Mus musculus chip-sequences with SRA accession number SRR13960849 and SRR13960850 were mapped using Mus musculus ref seq using Bowtie2. The Bowtie2 mapping output is given in Fig. 2 for SRR13960849 and Fig. 3 for SRR13960850.
We use the tool Collect Alignment Summary Metrics tool take the summary of our mapping done above. Table 1 contains the alignment summary for SRR13960849 and Table 2 for SRR13960850.
Next, we removed the PCR duplicates using RmDup. Table 3 & 4 contains the Alignment summary for SRR13960849 and SRR13960850 and removing PCR duplicates.
As per the alignment summary (Table 3, 4), we see that the reads are less post RmDup which implies that the duplicate reads are removed. Next, we use MAC2 call peak tool to identify areas in the genome that are enriched with the aligned reads. Model-based Analysis of ChIP-seq (MACS) is a commonly used tool for identifying transcription factor binding sites. The algorithm confines the influence of genome complexity to evaluate the significance of enriched ChIP regions. This tool improves the spatial resolution of binding sites by combining the information of both sequencing tag position and orientation [22]. Here, MACS is used along with a control sample (SRR13960849) which increases specificity of the peak calls (Fig. 4). MACS2 models the distance between the paired forward and reverse strand peaks and uses 1000 enriched regions to model the distance between the forward and reverse strand peaks [23].

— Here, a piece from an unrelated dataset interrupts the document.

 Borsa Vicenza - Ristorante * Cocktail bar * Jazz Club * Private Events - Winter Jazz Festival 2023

The cross-correlation metric diagram given in Fig. 5 is worked out as the Pearson’s linear correlation joining the Crick strand and the Watson strand and this metric standard usually produces two peaks when this cross-correlation is plotted against the shift value, one corresponding to the read length (“phantom” peak) and the other average fragment length of the library.

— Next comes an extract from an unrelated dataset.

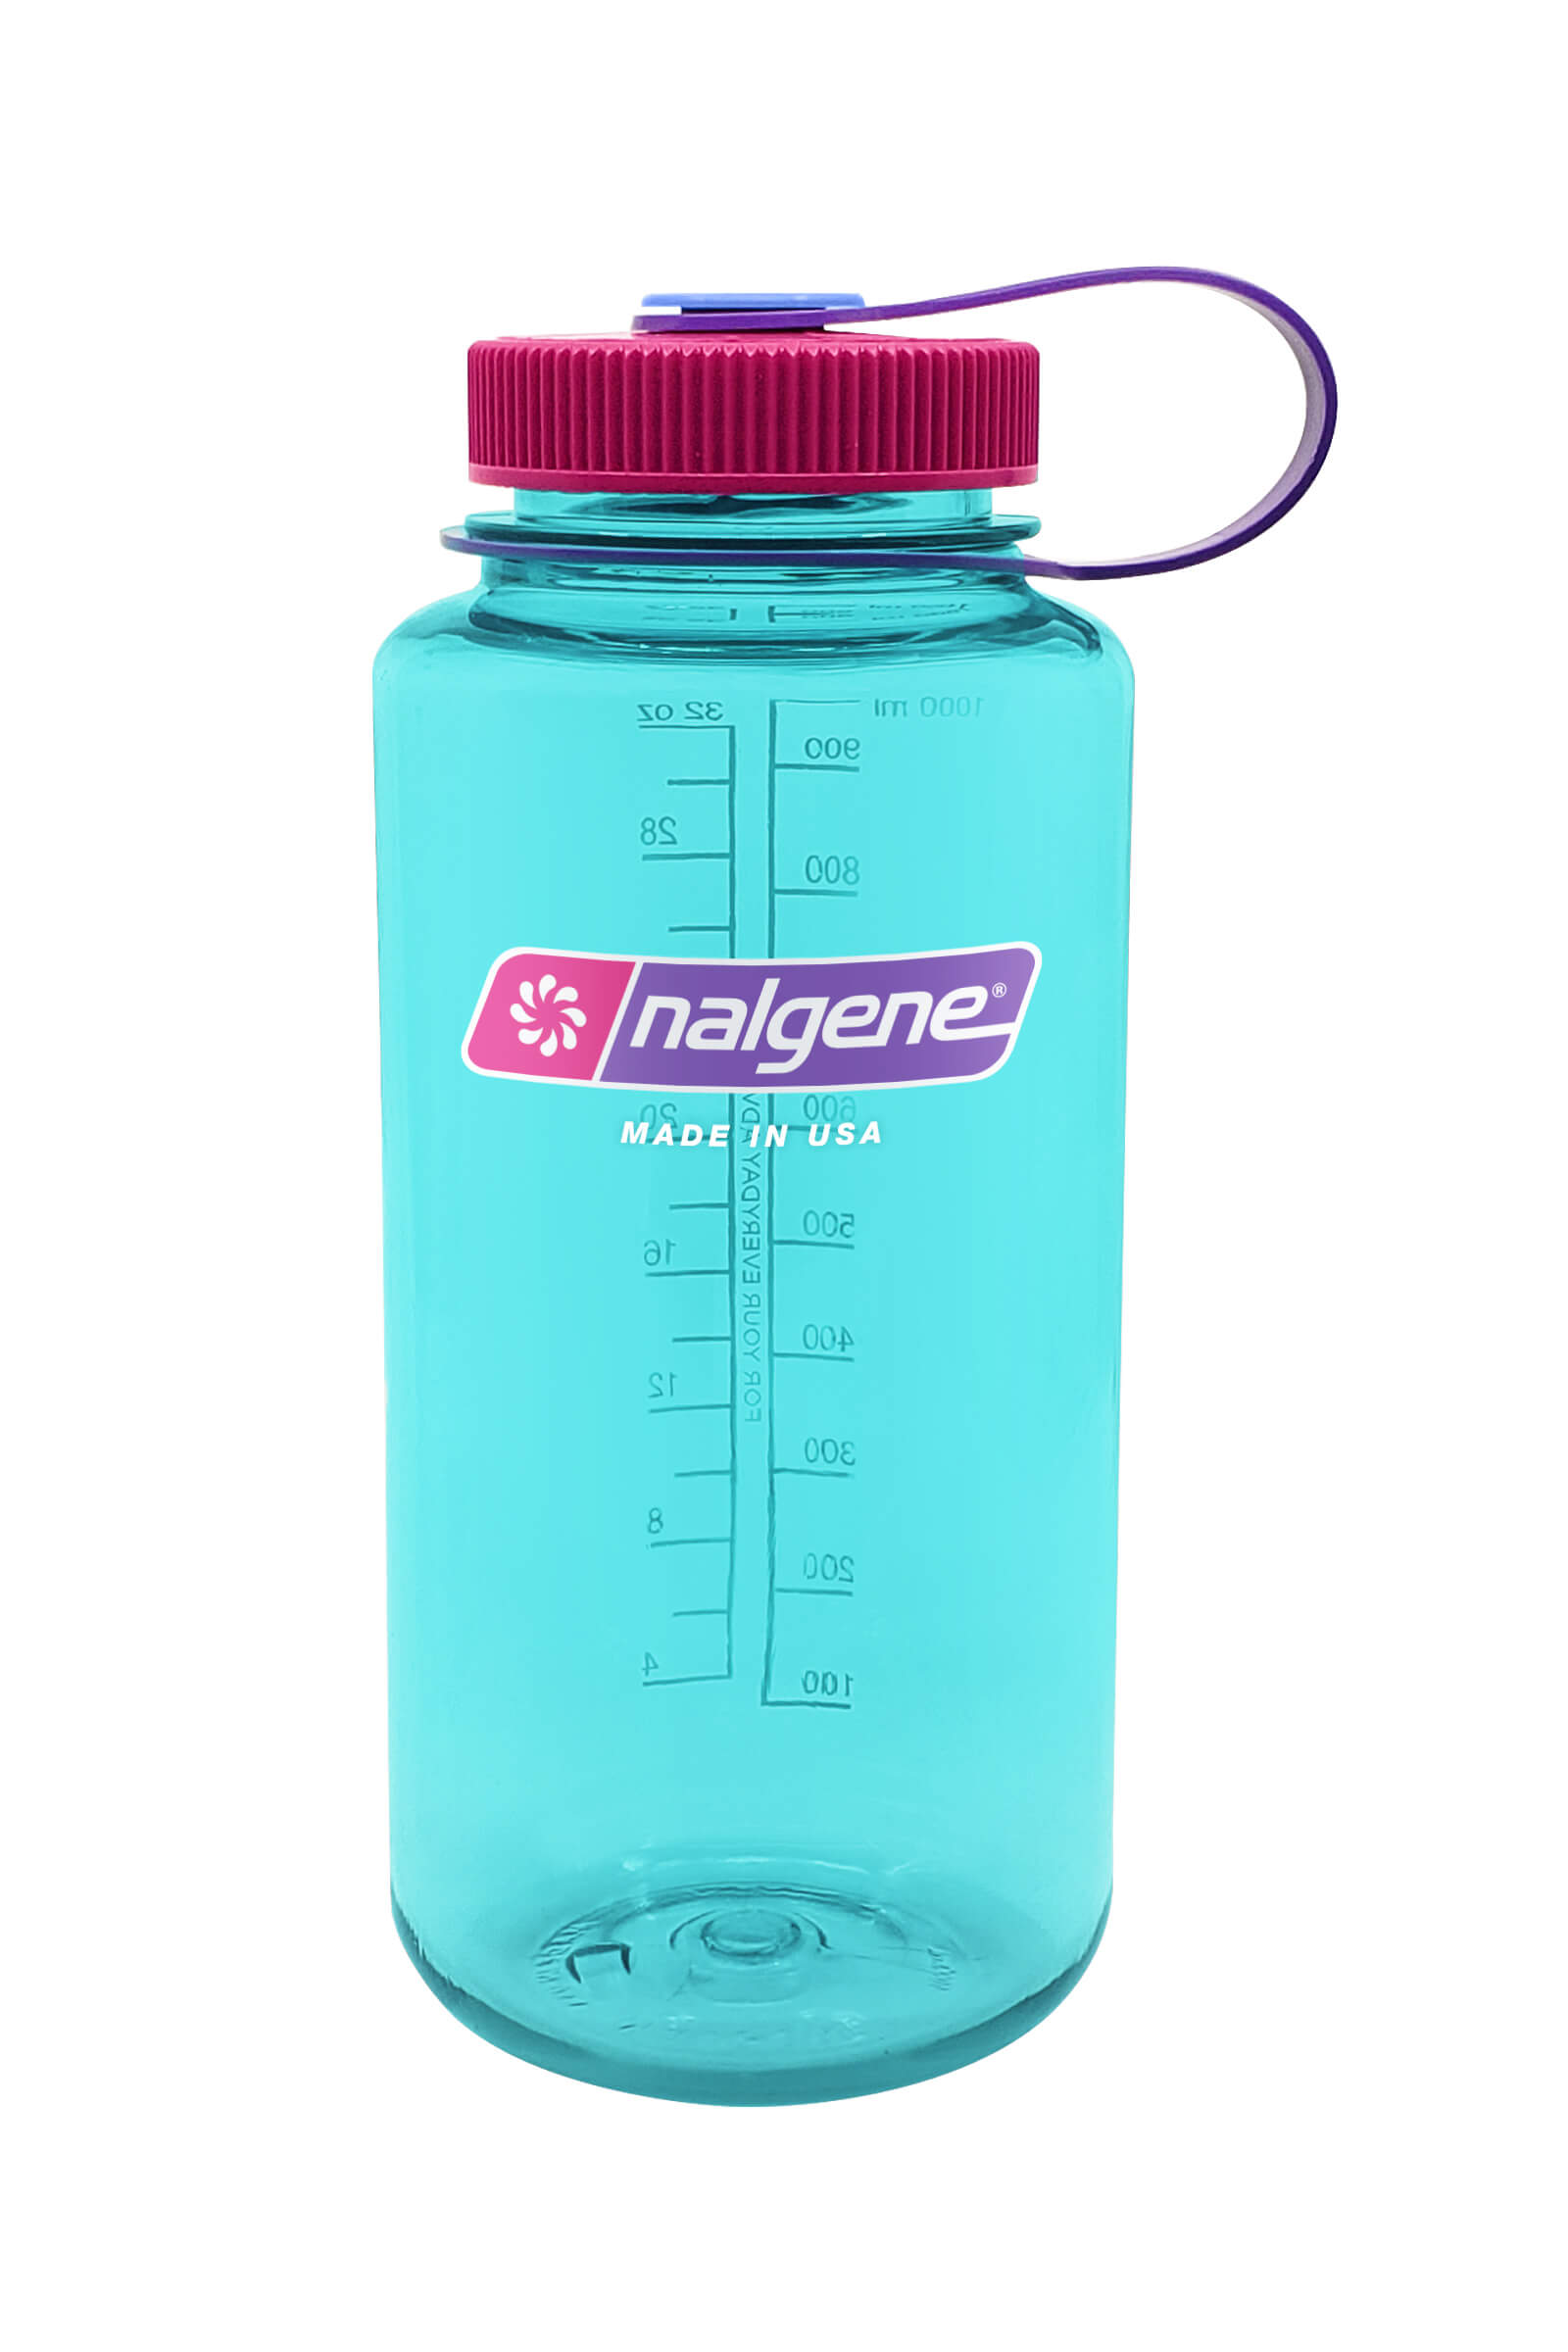 Nalgene 341827 Wide Mouth 1qt Bottle Purple White Lid for sale online

The absolute and relative height of the above said peaks are useful in determining of the success of any ChIP-seq experiment. A high-quality immunoprecipitation is characterized by a ChIP peak that is which should be higher than the “phantom” peak and very small or no ChiP peak is seen in failed experiments. Our results show high and only ChiP peak and no “phantom” peak which clearly says our results contain a high-quality immunoprecipitation [17].
Next, from the annotation results our peaks table by taking top 100 most significant peaks, we identify the genes overlapping with these peaks which are given in Table 5. The pathways of these genes were identified from KEGG pathways (Table 6).
Finally, we identify the motifs present in our GABA ChiP-seq. We used used SeqPos motif analysis tool. The file, top 100 most significant peaks in bed format was selected for motif identification (Table 7, 8).